Billionaire hedge fund manager Bill Ackman's long-awaited IPO of Pershing Square USA (NYSE:PS) has raised $5 billion and renewed attention on listed investment vehicles. The fund offers public market investors access to Ackman's concentrated, activist-driven strategy.

Structured as a closed-end fund, Pershing Square USA is designed to mirror his flagship hedge fund, though with a key difference: it will charge a management fee but no performance fee. That approach brings it somewhat closer to the fee model used by many actively managed ETFs.

ETFs Offer A Comparable Route

The listing also comes at a time when investors already have access to ETFs that aim to reflect hedge fund positioning.

For instance, Global X Guru Index ETF (NYSE:GURU) tracks disclosed holdings of prominent hedge funds, while ProShares Hedge Replication ETF (NYSE:HDG) seeks to replicate hedge fund-like returns using a rules-based approach.
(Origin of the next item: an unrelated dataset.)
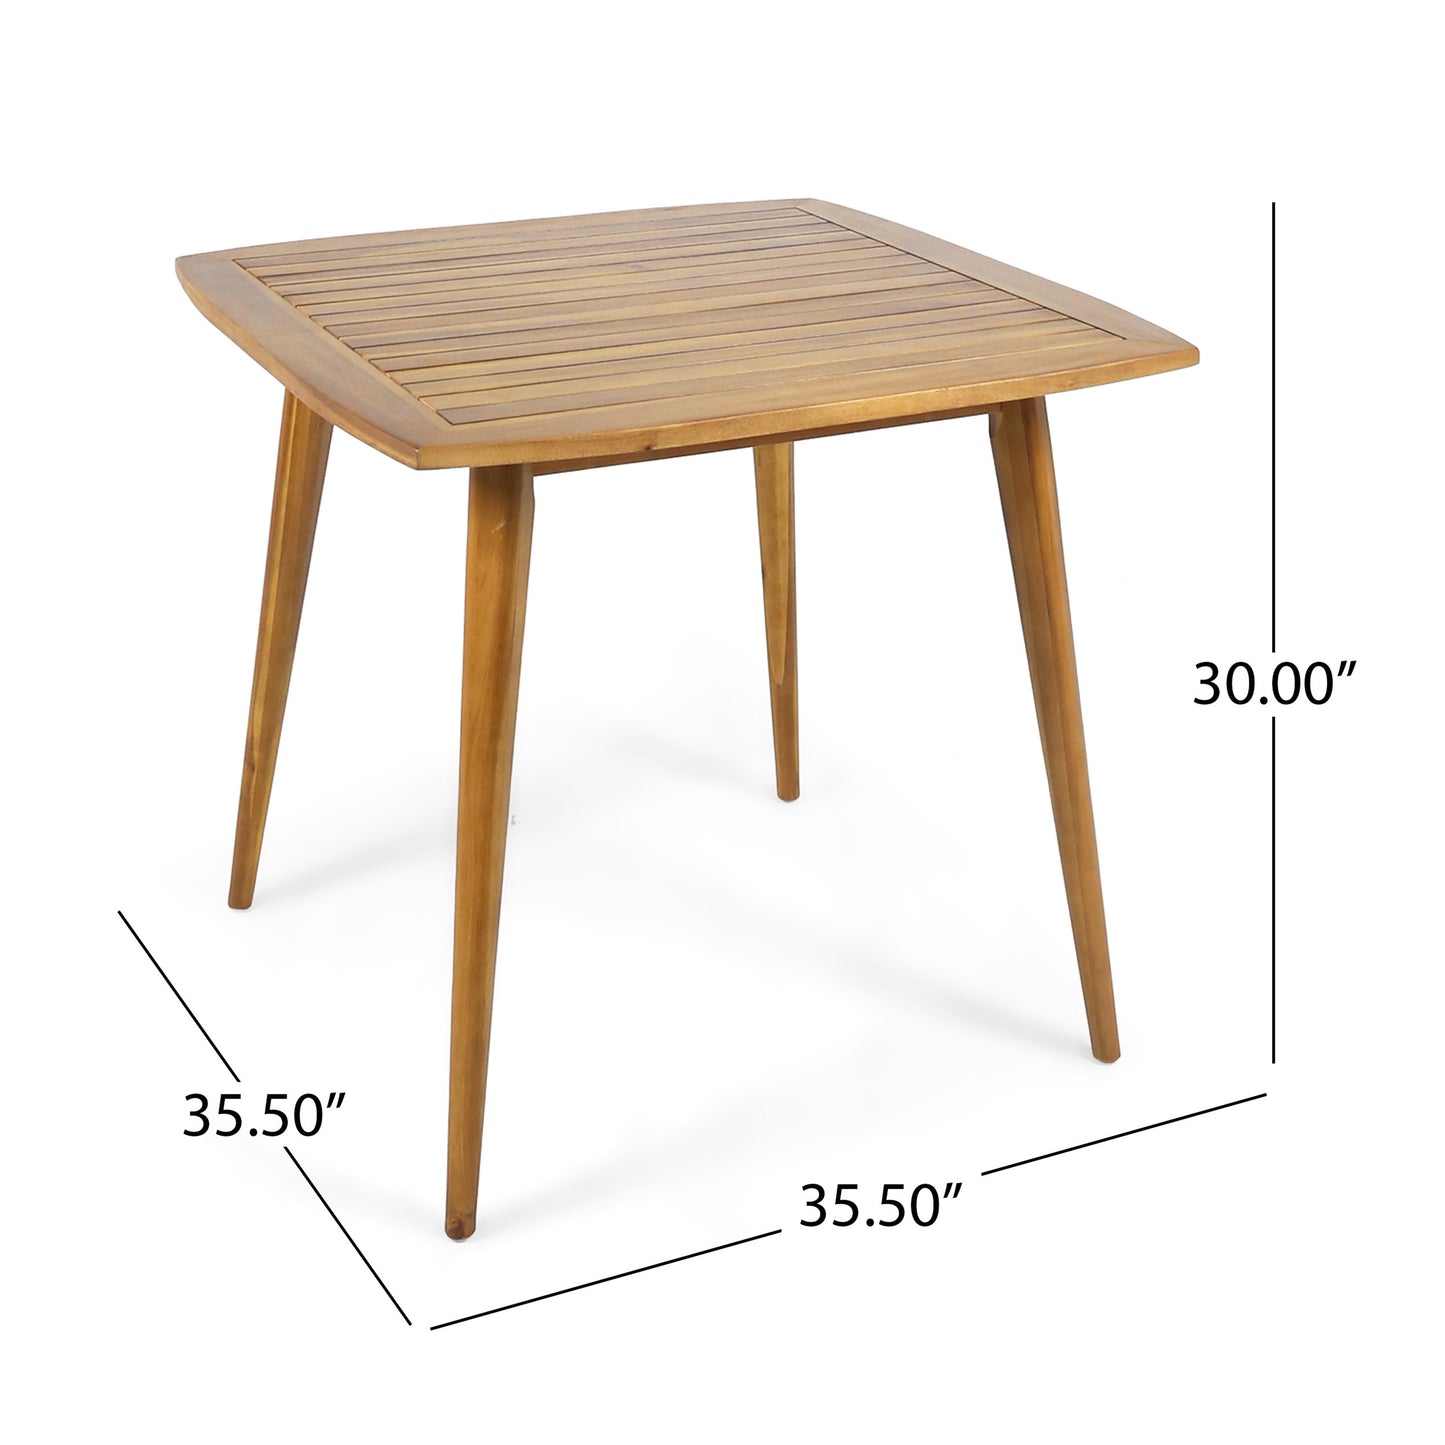 Stanford Outdoor Square Acacia Wood Dining Table with Straight Legs

Actively managed equity ETFs such as ARK Innovation ETF (BATS:ARKK) and T. Rowe Price Capital Appreciation Equity ETF (NYSE:TCAF) also provide investors with access to high-conviction portfolios in an exchange-traded format.

These ETFs differ structurally from closed-end funds, particularly in how shares are created and redeemed, which can influence how closely market prices track underlying asset values.

Structure Remains A Key Differentiator

Closed-end funds like Pershing Square USA raise capital through an initial offering and then trade on exchanges, where prices are determined by supply and demand. This can lead to shares trading at a premium or discount to net asset value.

ETFs, by contrast, use a creation and redemption mechanism that typically helps align trading prices more closely with the value of underlying holdings.

Ackman's decision to forgo performance fees and to include exposure to the asset management business may broaden the appeal of the offering, particularly among investors seeking alternative ways to access hedge fund strategies.

A Test For Investor Appetite

The debut comes as the IPO market shows signs of reopening following periods of volatility. It may also serve as a gauge of investor interest in closed-end fund structures at a time when multiple investment vehicles are competing for capital.

How PS trades relative to its net asset value in the weeks ahead could offer insight into investor preferences for listed fund structures, including how closed-end funds compare with ETFs in the current environment.